A juvenile who has been charged with, or adjudicated for, any conduct that would be criminal if committed by an adult. Examples include: D.U.I., open container in a vehicle, trespass, assault, burglary, etc.

Federal Rules and Regulations - Jail Removal
Maine Juvenile Code Title 15 Section 3203-A (7)(A)

The Jail Removal core requirement states that no juvenile shall be held securely in an adult jail or adult lockup. However, there are two exceptions to this rule:

  1. a 6-hour hold exception for alleged and certain adjudicated delinquent offenders and
  2. an exception for juveniles judicially transferred to adult criminal court, or filed directly to criminal court by the prosecuting district attorney. These exceptions are explained below.

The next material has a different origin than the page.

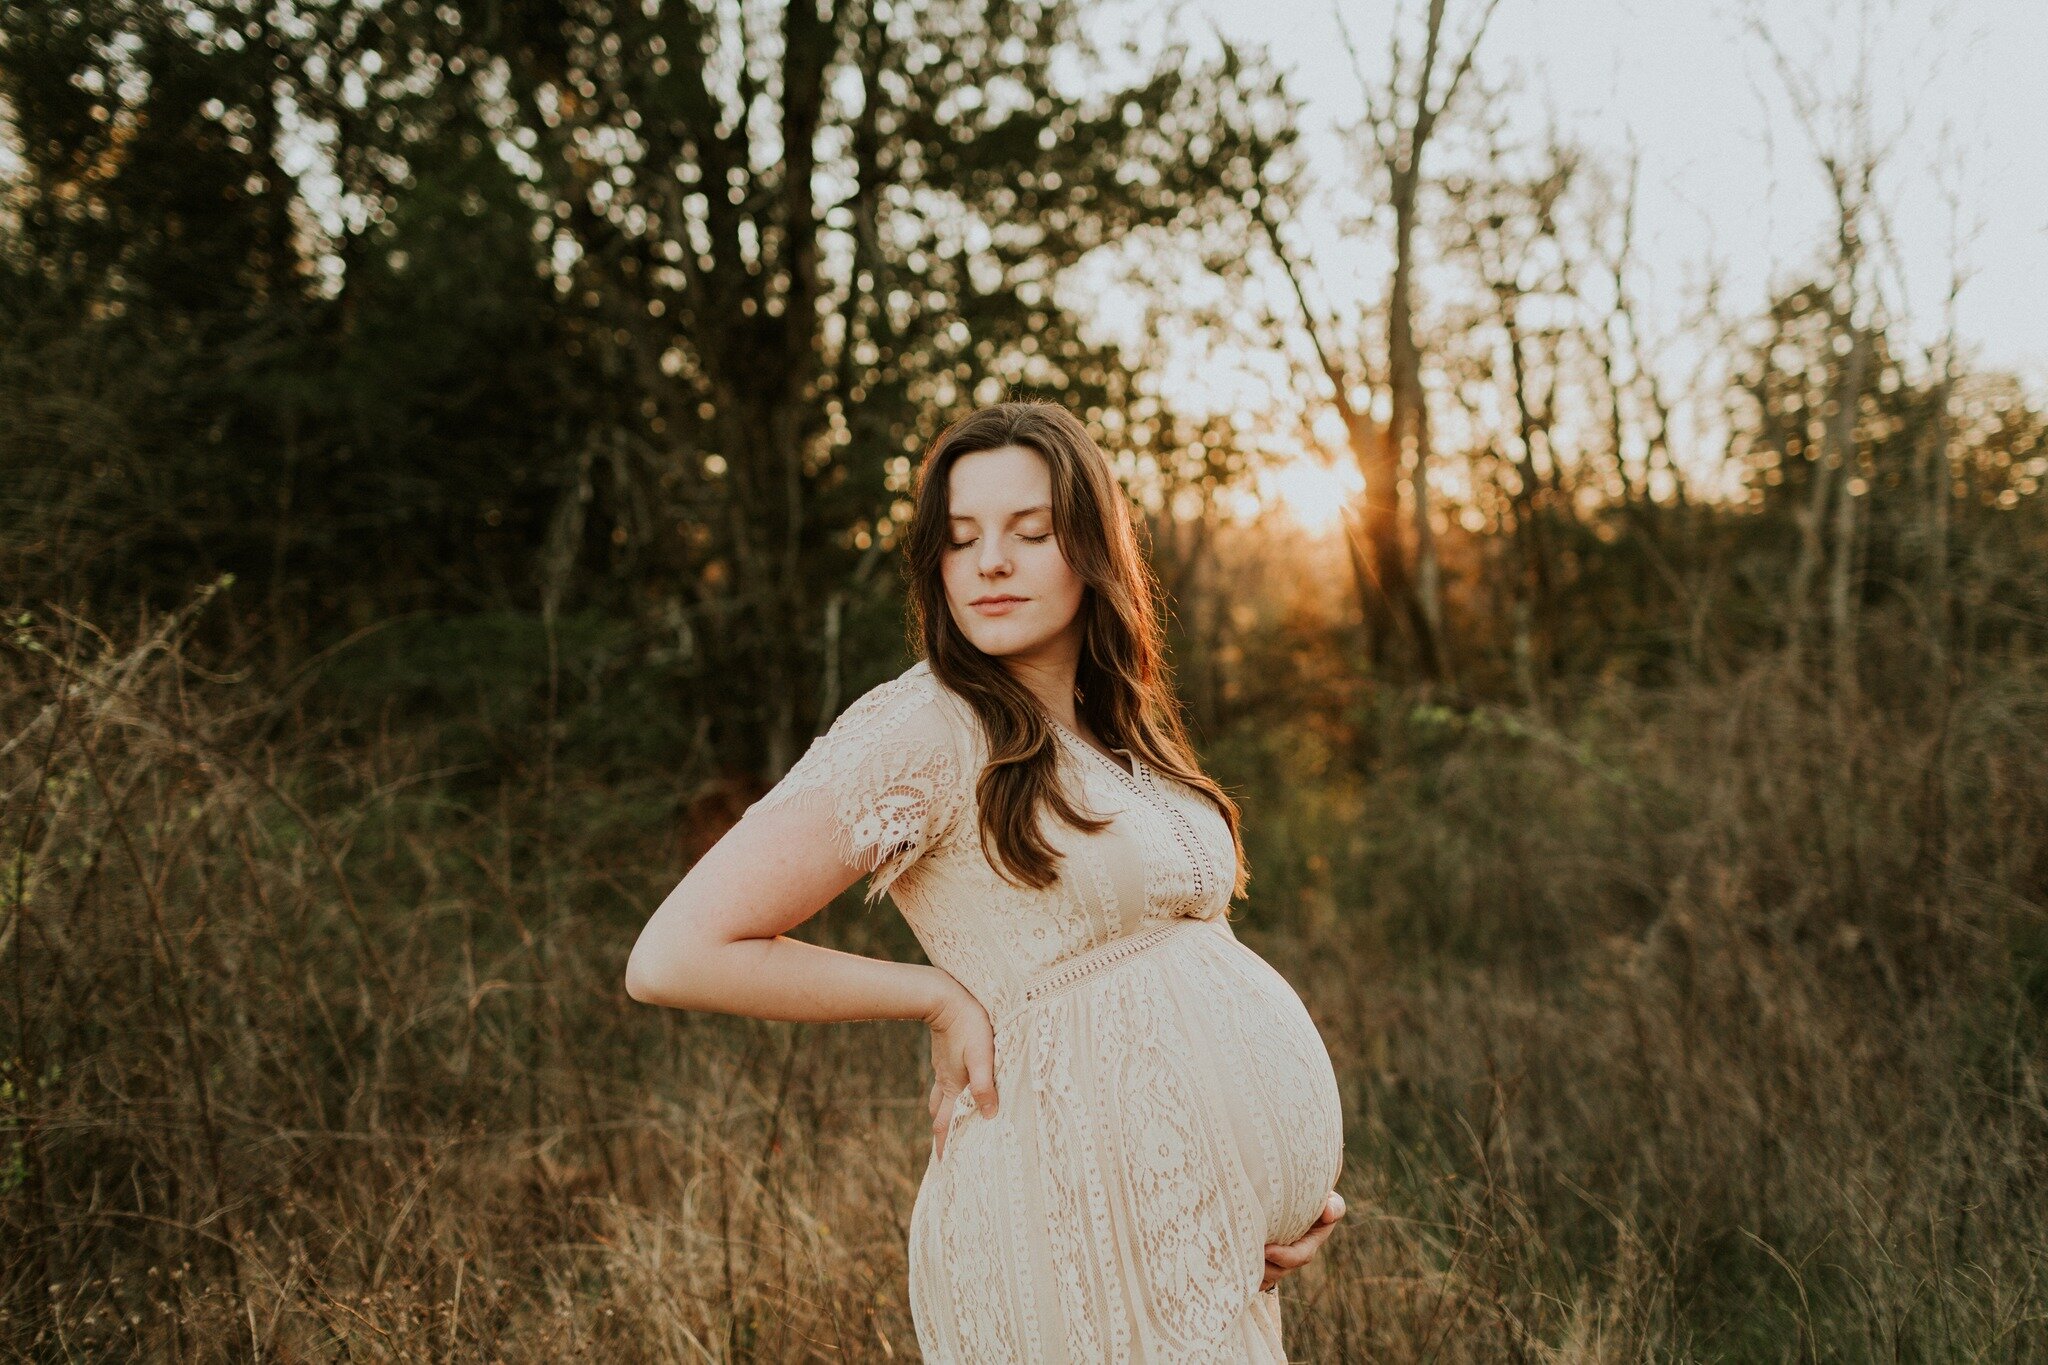 This  golden hour maternity session was just stunning! I absolutely adore this sweet family.

Any secure holding or detention of a juvenile in these facilities for purposes (i.e., punishment or time-out) other than those excepted below is a violation of the jail removal core requirement.

Exceptions to the Jail Removal Rule

  1. 6-Hour Hold Exception

    The Office of Juvenile Justice and Delinquency Prevention regulations allow for a “6-hour grace period” that permits the secure detention of juveniles in adult jails and lockups under the following circumstances:

    • An accused delinquent may be detained for up to six hours for the purposes of identification, processing, and to arrange for release to parents or transfer to juvenile court, juvenile shelter or a juvenile detention center. During this time no sight and sound contact with adult inmates is allowed.

    • An accused or adjudicated delinquent may be detained for up to six hours before a court appearance and up to an additional six hours after a court appearance awaiting transport or release. During this time no sight and sound contact with adult inmates is allowed. These times cannot be combined. For example, a delinquent may not be held for four hours before court and eight hours after court for a total of 12 hours.

    These 6-hour grace periods start the moment the juvenile is placed in the secured setting and the “clock” cannot be stopped until the juvenile is permanently removed from the secured setting. For example, if a juvenile were placed in a secured setting at 1000 hours, then temporarily removed at 1100 hours for questioning and returned to the secured setting at 1300 hours, the juvenile would be considered in continuous secure custody from the beginning time of 1000 hours or a total of 3 hours. Therefore, in this case, the juvenile must be released no later than 1600 hours or a violation of the Jail Removal core requirement 6-hour grace period occurs.

    If a juvenile is arrested for a very serious offense such as murder and it is anticipated that activities such as lab work and investigation will take longer than 6 hours, the juvenile should be processed and transported to a juvenile detention facility pending completion of these activities or the direct filing of charges in criminal court.

  2. Exception for Transferred or Direct File Juveniles ­ Juveniles who have been judicially waived to, direct filed by the district attorney, or are otherwise under the jurisdiction of the adult criminal court do not fall under the purview of the JJDP Act. However, state law requires that if they are held securely they must be held separately from adults. [ Maine Juvenile Code Title 15 Section 3203-A 7 (A)(1)(2)]. The transfer or direct filing of charges must have been completed before they are excluded from the JJDP Act and core protections.